Monday, April 16, 2012

Non-Politics: You Should Go See Bully

The documentary film Bully is in a limited screening across the United States, including a handful of theaters in Indianapolis. I encourage anyone who lives near one of these theaters to go see the film. I'll be doing so sometime this week once I get some free time.

I think a lot of people tend to gloss over what goes on in elementary schools and high schools. They say "Kids will be kids" or one of those other phrases. They think that just because bullying often doesn't result in full-on assault, since there is no visible injury, that it is somehow more comparable to horseplay than it is to someone who assaults and beats a family member, co-worker, or classmate.

And I don't think that's true.

I think there's also a misconception that if you send your kid to the school in a wealthy community, or like me, to a religious school, that bullying is somehow less of a problem.

I went to St. Monica from 2nd grade until 8th grade. It was a very small school and still is. Many of the same 30-something people in my 2nd grade class were still there six years later when we graduated. I was never in the popular group, but that never bothered me. I had my friends and we were nerds and we did our own thing.

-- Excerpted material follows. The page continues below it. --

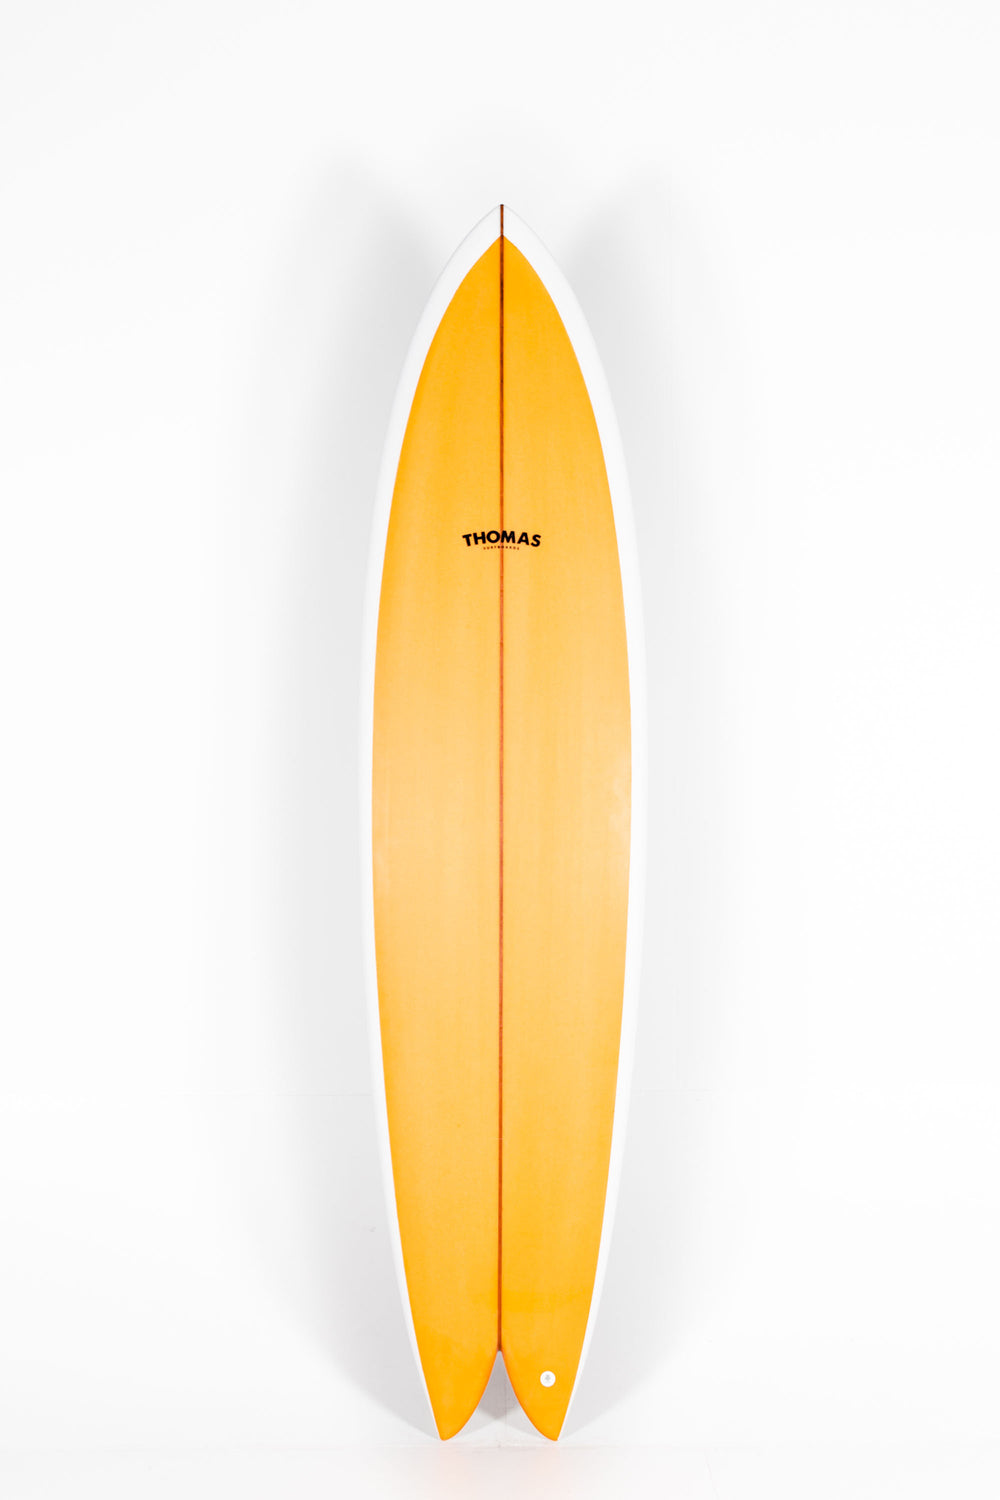 Pukas Surf Shop - Thomas Surfboards - LONG FISH - 7'8

And while most of my classmates weren't the most amazing people in the world, most of them were okay. But I did have one specific bully. And that's true. I remember one time I fell on the gym floor while we were doing laps around the gym. And while I was getting up, I felt a pair of feet step on my back, pushing me back down to the floor. I lift my head up only to see my bully, jogging away but his head turned to face my direction. And he has this shit-eating grin on his face that would erase any doubt if his actions were intentional or not.

But most of the time, it wasn't aggressively physical. He would say something to me from across a room, stand in my way in the hall, small stuff. And he wasn't smart and we didn't hang out with the same people, so it isn't like our paths crossed. But one time, he went on a school sponsored trip to a Pro-Life dinner that my religion teacher was attending. In the back of my mind, I've always thought he tagged along just to get to me.

So at the dinner, we're all seated at this table and I'm trying to pay attention to the speakers. He's not seated by me, but he's close enough that I can see him making faces and kicking me under the table. I ignore him while the event is actually going on and for the most part, and it isn't unlike any of the several other times he was a jerk.

But after the dinner, the teacher had all the students help clean up the reception by stacking chairs and helping disassemble the tables. And as I was going to grab a chair, the bully got in my way. And I don't quite remember what happened next. Did he touch me? Did he say something? Did he get in my face? Did I try to go around him only for him to move again?

But whatever happened, I just had enough and I ended up pushing him. Hard. I remember him stumbling over a chair.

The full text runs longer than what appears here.